As the saying goes, investing in real estate is all about location, location, location. Investing in a globally diversified equity stock market has a similar imperative: Patience, patience, patience.
Returns may or may not come when you want them to come, but successful investors are usually patient people. For example, when the S&P 500 had disappointing returns in the first decade (2000-2009), one would have had a less than zero return, yet that doesn’t mean it was a bad place to invest. Why? Simply put, it’s because we don’t know when the returns for asset classes will happen — but it may not offer any of the immediate gratification we’ve all come to expect in this society.

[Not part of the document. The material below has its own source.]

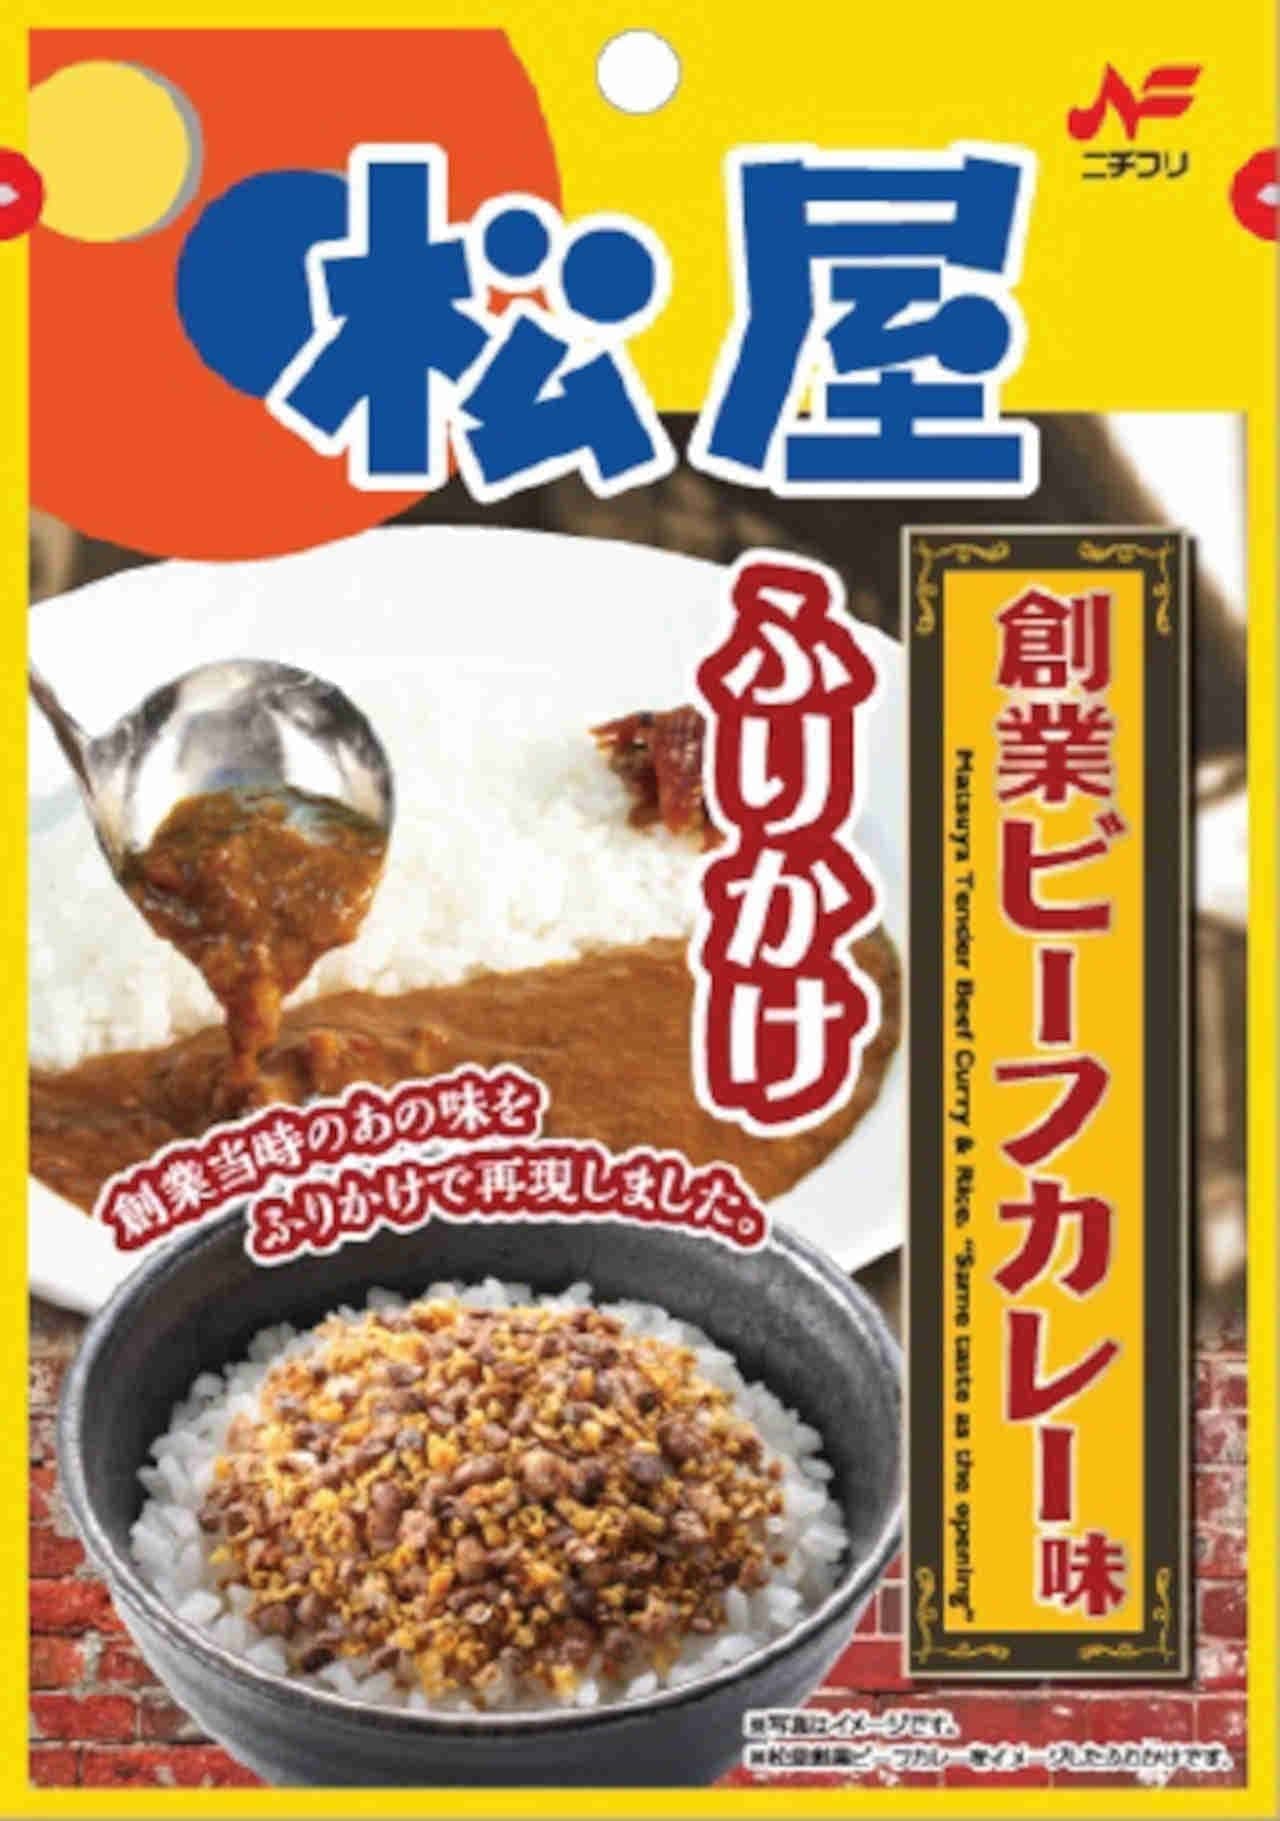 Nichifuri Foods "Matsuya Founders Beef Curry Flavor Furikake

The way we put it to clients is that they are actually getting paid to wait. We have a concept called Time Arbitrage. If you’re day trading stocks, you have to be right minute by minute. If you’re investing, you have to be right, but the time is undetermined. The longer you can hold on, the more likely you are to get the returns.
It’s easier to hold on when you have a globally diversified portfolio of asset classes. In the last 10 years, diversified portfolios have performed consistently — but if you only compare yours to the most recent best performing asset class, you’re likely to be disappointed. Within one’s diversified portfolio, one will always have strong performers and disappointing performers compared to other components within a globally diversified portfolio.

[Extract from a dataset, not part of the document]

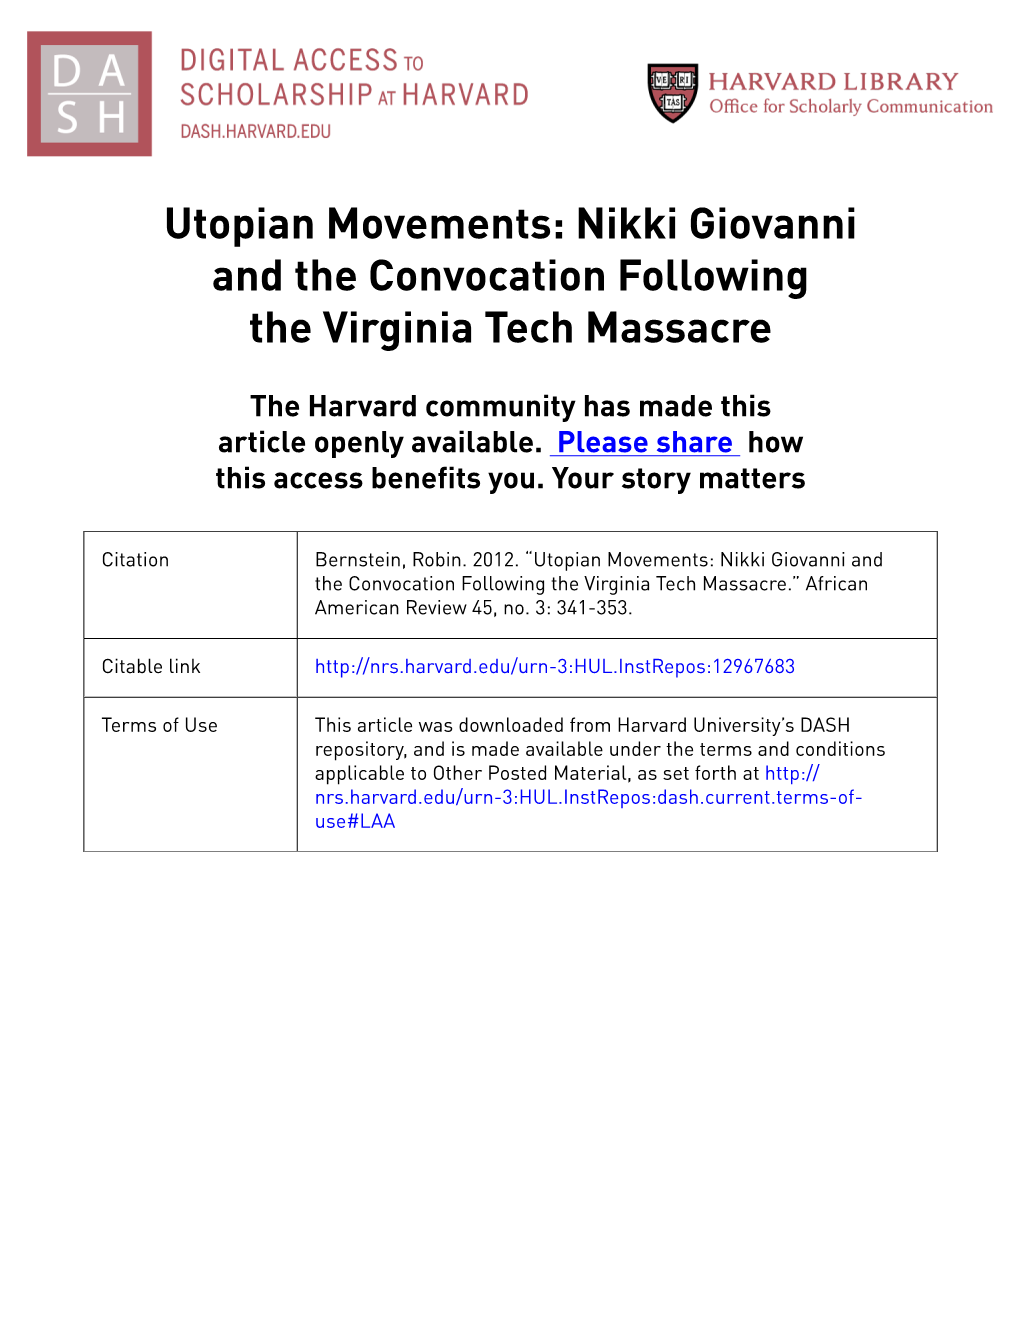 Utopian Movements: Nikki Giovanni and the Convocation Following the Virginia Tech Massacre

If you own an array of asset classes built and designed with financial science, and you are patient, you will absolutely be in whatever asset class is doing best at any given moment. There’s no methodology in lurching from one high-performing asset class to another. As a matter of fact, people who chase recent past performance have been shown to consistently under-perform compared to a well thought-out investment strategy. Recent performance is not persistent. That is, people who chase recent returns end up with no returns.